Okay, I understand now.  I don't mind an occasional "cranky" didact, if the information is worthy of the embarrassment — which it is.  Thank you.


----------



## Zany_in_CO (Oct 16, 2020)

DeeAnna said:


> I have no idea why Zany thinks this is sound advice. It doesn't make any chemistry sense to just add citric acid to liquid soap with the goal of forming the chelator citrate without also causing the soap to decompose, as you found out. That's what the "flakes" are -- fatty acids from the decomposition process.

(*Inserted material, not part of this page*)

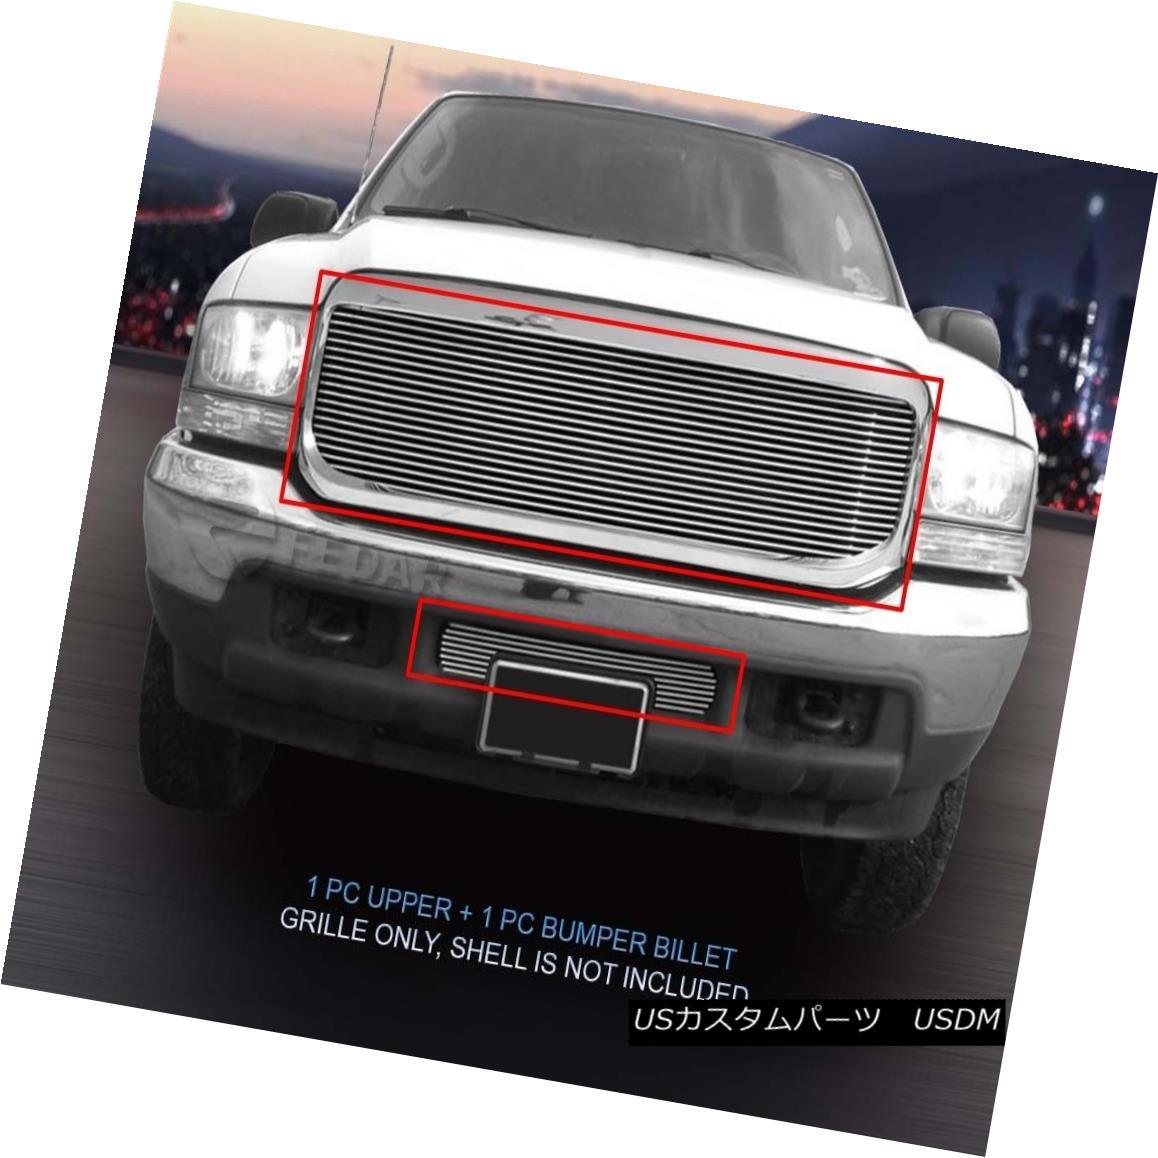 グリル Fits 99-04 Ford Excursion/F-250/F-350/F-450/F-550 Superduty Chrome Billet Grille F-550 F-550スーパーデューティクロム・ビレット・グリル(F-550 F-550 / F-350 / F-450 /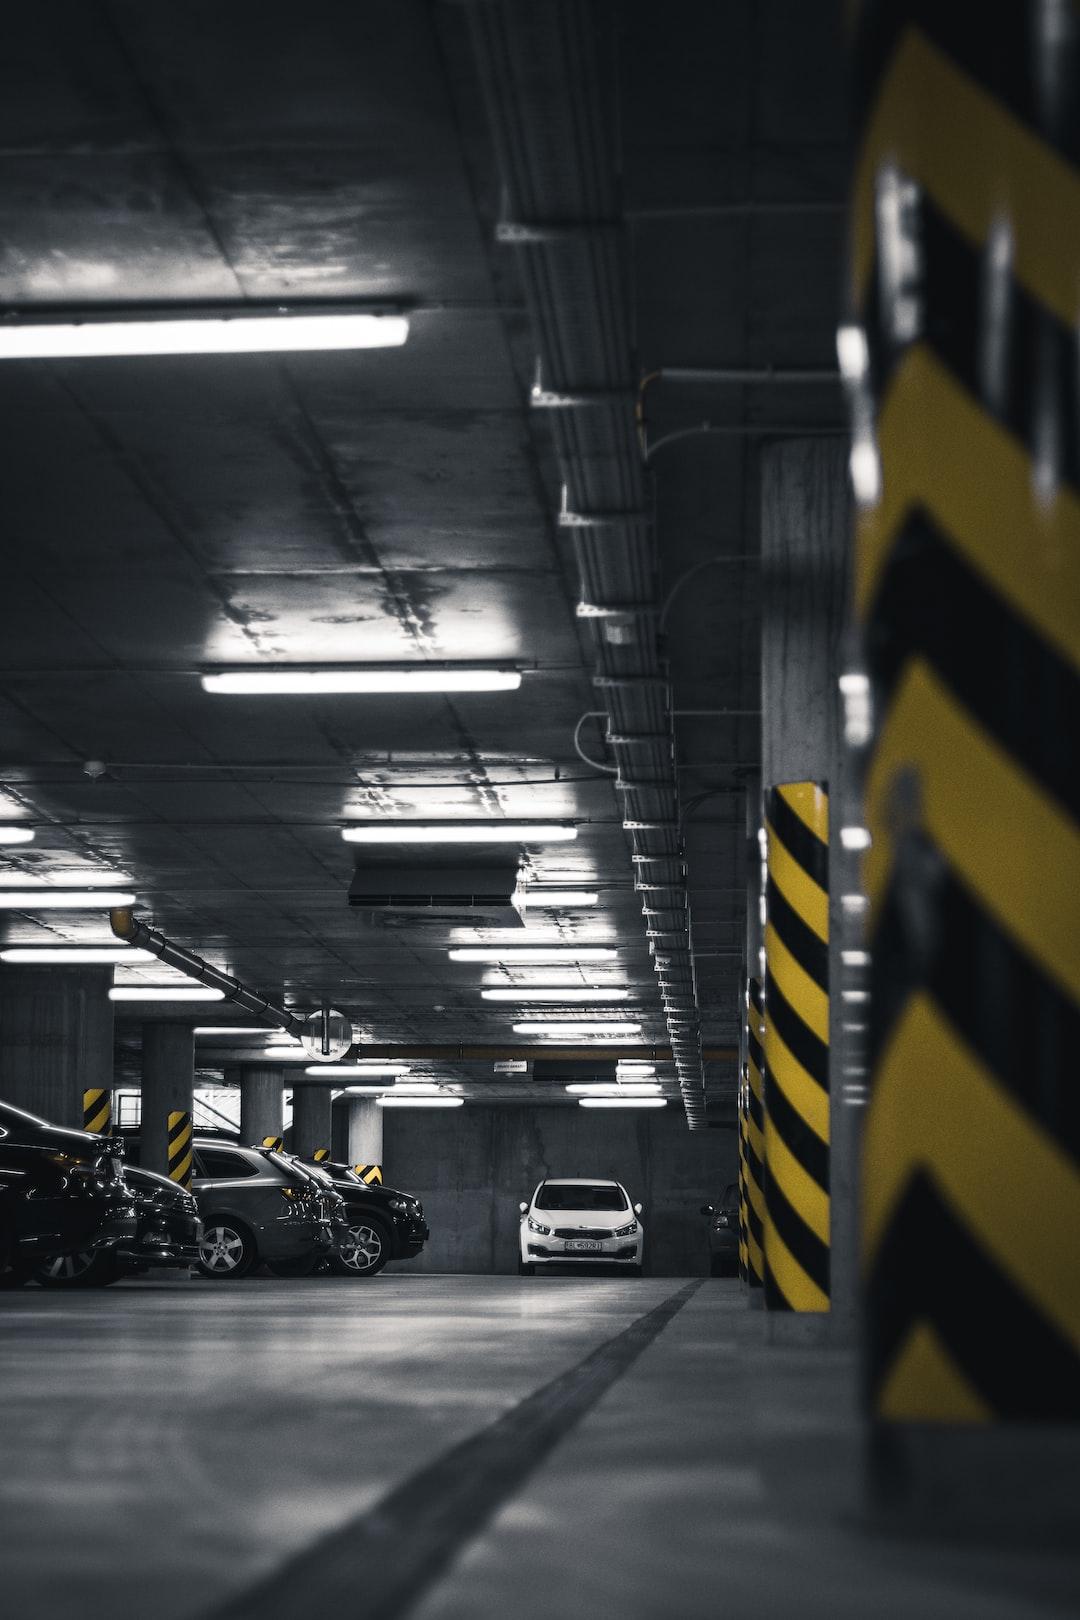 Underground parking 🚧

I'm SO sorry I wasn't clear. The 20% citric acid is made ahead of time and dissolved in water (not the soap) and then added at a rate of 0.06% after dilution while the batch is still warm. SOURCE: *Making Natural Liquid Soaps by Catherine Failor*, pp. 39 & 42.


----------



## gabrielet (Oct 16, 2020)

I don't think it was as much your fault, Zany, as it was that I didn't pay close attention to the numbers.  After I re-read it a while ago, I realized what the 0.06% meant.  Thank you for the link, too.


----------



## DeeAnna (Oct 16, 2020)

The info in Failor's book is for neutralizing a *lye heavy soap*. The info Failor provides in that book is not about creating sufficient citrate in a *not-lye-heavy soap* to function as a chelator ... and also not ruining the soap in the process. These are two different situations that require different techniques.


----------



## gabrielet (Oct 16, 2020)

I see.  Then the info there is more about titrating for pH balance?


----------



## DeeAnna (Oct 16, 2020)

Are you still talking about the topic of using citric acid to make a citrate chelator in your soap? If you are, this specific issue has nothing to do with lye heavy soap and the pH of said soap, so please let's not get lost in the weeds. If you want to discuss these topics, please start a new thread with those issues as the subject.


----------



## gabrielet (Oct 16, 2020)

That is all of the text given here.